O Globo
A inflação está mais alta, mais espalhada,
mais resistente e mais imprevisível. Ao Banco Central só cabe tentar levá-la de
volta à curva descendente. E é isso que deverá conseguir no segundo
semestre, mas ontem foi dia de elevação dos juros novamente. Em 14
meses, desde março do ano passado, os juros saltaram de 2% para 12,75%. E o BC
indicou que é provável uma nova elevação da Selic em junho, o que deve levá-la
para 13,25%. Ontem, houve pelo menos um alívio pelo banco central americano.
Ele acelerou o ritmo de alta dos juros para meio ponto, mas praticamente descartou um passo ainda mais rápido, de 0,75% nas
próximas reuniões. Isso ajudou a conter o dólar aqui no Brasil.
A inflação no país vem sofrendo pressões de vários lados. Da economia internacional, há o choque nos preços agrícolas pela guerra entre Rússia e Ucrânia e as novas medidas de lockdown na China, que afetam as cadeias de produção, com impacto nos produtos industriais. A expectativa de aumento dos juros nos EUA e o risco de desaceleração da economia chinesa reverteram parte dos ganhos que as moedas de países exportadores de commodities, como o real, tiveram no primeiro trimestre.
Internamente, há os conflitos
institucionais e as ameaças do presidente Jair Bolsonaro sobre o processo
democrático, que aumentam as incertezas e contribuem para o enfraquecimento do
real. Como pode ser visto um país em que o presidente agride a Suprema Corte,
ameaça a realização das eleições e quer uma apuração militar paralela da
contagem dos votos? As tensões fabricadas se somam aos riscos externos. Tudo
isso mantém o IPCA na casa de dois dígitos, patamar em que está desde setembro.

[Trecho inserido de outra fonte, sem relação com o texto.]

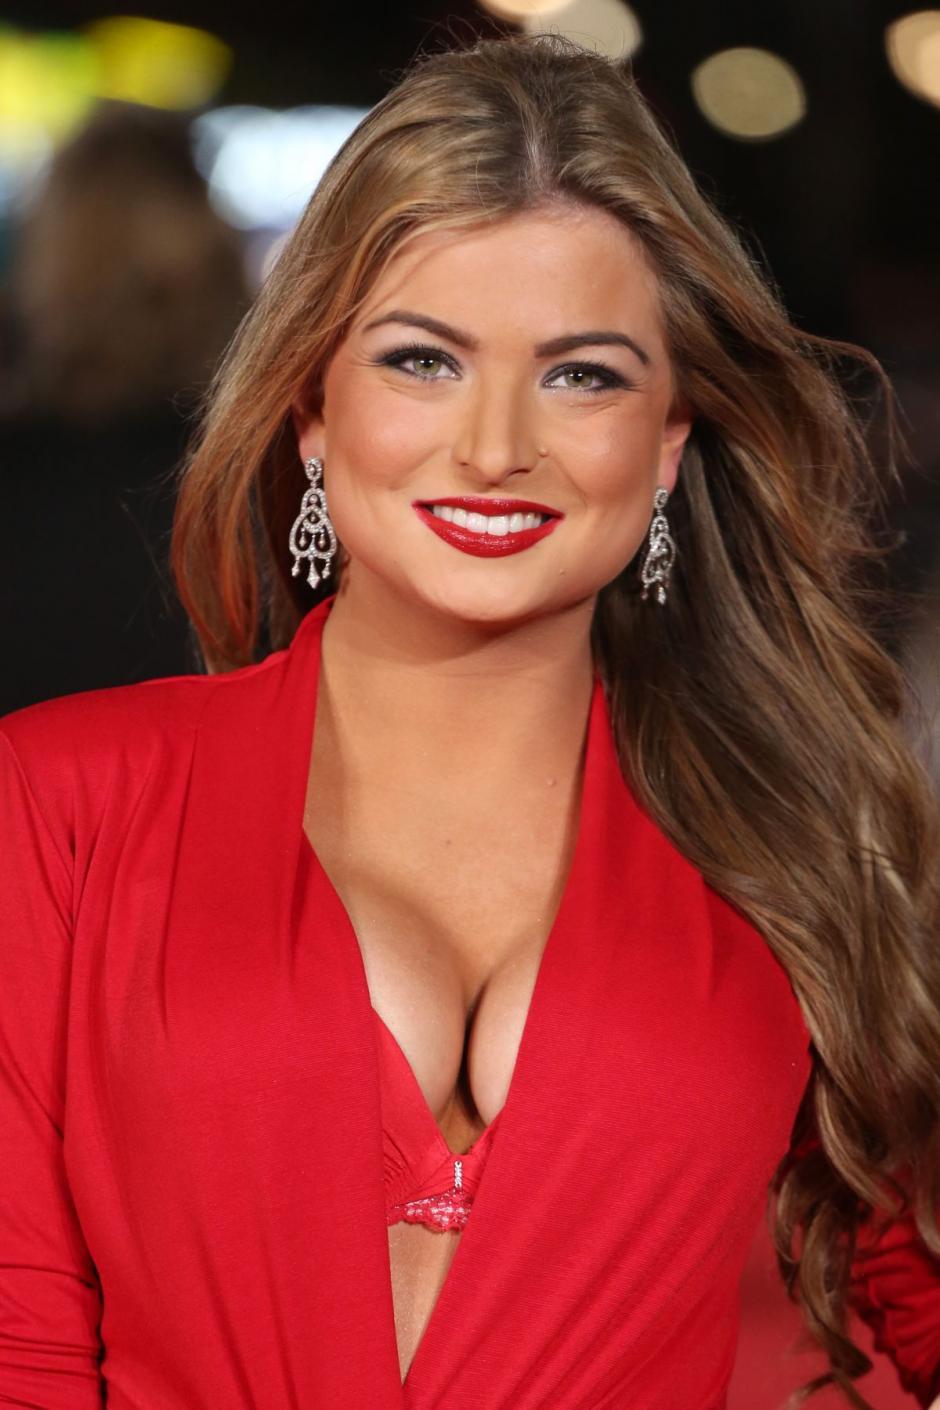 Holland ha dejado de ser Miss Reino Unido. (Foto: EFE)

Esse período prologando com a taxa elevada
estimula a indexação dos preços e salários e torna mais difícil o trabalho do
Banco Central de trazer o índice para o centro da meta. Há ainda um outro
componente que vem sendo apontado cada vez mais pelos economistas. O governo
Bolsonaro tem dado estímulos fiscais para tentar melhorar a sua popularidade em
ano eleitoral e isso contribui para sabotar o esforço da política monetária de
esfriar a economia.
Desde a última reunião do Copom, no dia 16
de março, houve uma forte piora das expectativas de inflação. Pelos dados do
Boletim Focus, que reúne projeções de dezenas de instituições financeiras, o
mercado elevou o seu número de 6,45% para 7,89%, para 2022, e de 3,7% para
4,1%, para 2023. O BC, no comunicado da sua decisão ontem, mostrou dados mais
otimistas do seu modelo: 7,3% e 3,4%. Ainda assim, isso significa estouro do
teto da meta este ano e um número acima da meta do ano que vem. No mercado, há
instituições bem mais pessimistas. O banco francês BNP Paribas, por exemplo,
avalia que o IPCA chegará em dezembro em 10%, enquanto o americano JP Morgan
fala em uma taxa de 8%.
A volatilidade do dólar mostra ao Banco
Central que é arriscado contar com uma ajuda do câmbio. Desde a última reunião,
a moeda americana caiu de R$ 5,08 para R$ 4,60, depois voltou a ficar acima de
R$ 5,00, e ontem despencou para R$ 4,90. Nos momentos de alta acentuada, o BC
brasileiro foi obrigado a vender mais de US$ 2 bilhões em reservas: US$ 1,5
bilhão no mercado futuro e US$ 573 milhões no mercado à vista.
Nos EUA, o aperto nos juros tende a
fortalecer o dólar, apesar da queda de ontem. O mercado já dava como certa uma
alta de 0,5%, e o receio era que o próximo aumento fosse ainda maior, de 0,75%.
Por isso, o dia foi de alívio. O Fed é o mais importante banco central do
mundo, e os seus movimentos tendem a ser na menor medida, ou seja, em altas de
0,25%, para diminuir as turbulências nos mercados mundiais.
O PIB americano caiu 1,4% no primeiro
trimestre, mas isso não mudou o ciclo de aperto nos juros. É consenso que a
economia dos EUA continua aquecida, com a taxa de desemprego em nível
historicamente baixo, de 3,6%, e aumento do consumo e dos salários. O PIB caiu
porque houve mais importações e cortes de gastos do governo, mas a demanda
privada, que inclui consumo e investimentos, teve uma forte elevação de 3,7%.
Os americanos enfrentarão a alta dos juros
com a economia aquecida. O Brasil está enfrentando um choque monetário durante
uma fraca recuperação. Ou seja, aqui é pior.